# Advanced paternal age and child's health



## mightymama1976 (Mar 6, 2013)

Hi Ladies,

I wanted to ask your opinion and advice. If my husband and I were ttc it would be next year, which means by then I will be 39 and he will be 50. A friend of mine whose husband is much older than her said that she had done some research and it seems that advanced paternal age contributes to autistic spectrum disorders and some other abnormalities in kids almost as much as advanced maternal age. I am concerned and wonder if I should just give up on the idea of having another child (we are not a kind of family who could cope with a special needs child). Any advice or stories (whether encouraging or discouraging...any input will be greatly appreciated). 
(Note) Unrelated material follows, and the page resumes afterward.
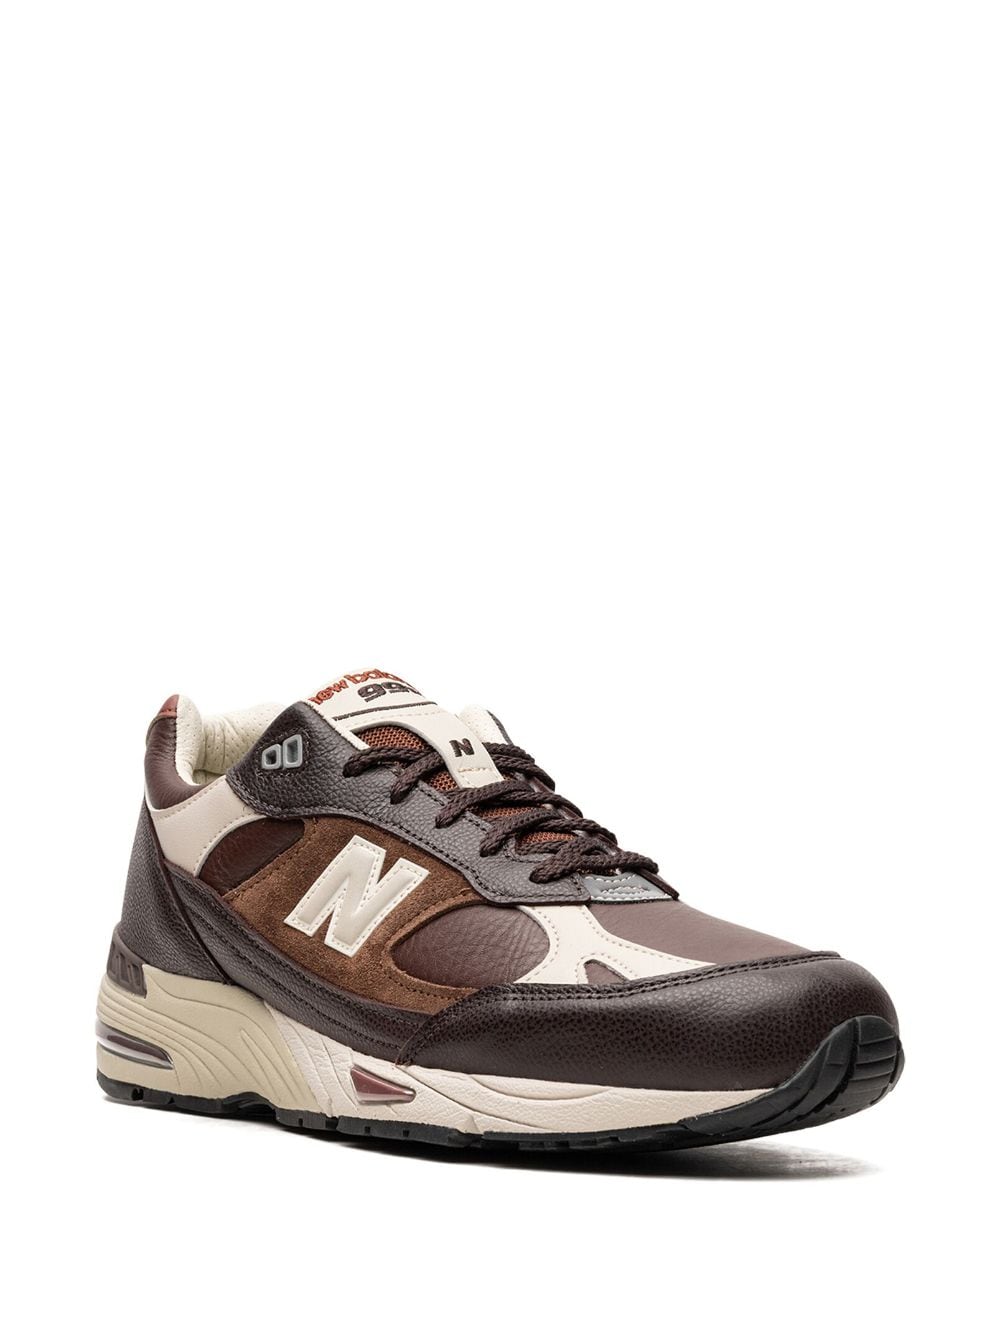 New Balance 991 "Made in England" sneakers - Bruin

PS. Neither of us is overweight and are pretty healthy (but from what I understand, ovaries/eggs have their own health which can be independent from one's over all health)


----------



## pokeyac (Apr 1, 2011)

I'm sorry you haven't gotten a response yet. I'm bumping this up for more attention.
:bump:


----------



## Viola P (Sep 14, 2013)

I heard that there's a correlation between advanced paternal age and asd but not advanced maternal age. I also read that the rate of asd in boys in the us is 1 in 68. Another thing they think may be causing it is environmental toxins.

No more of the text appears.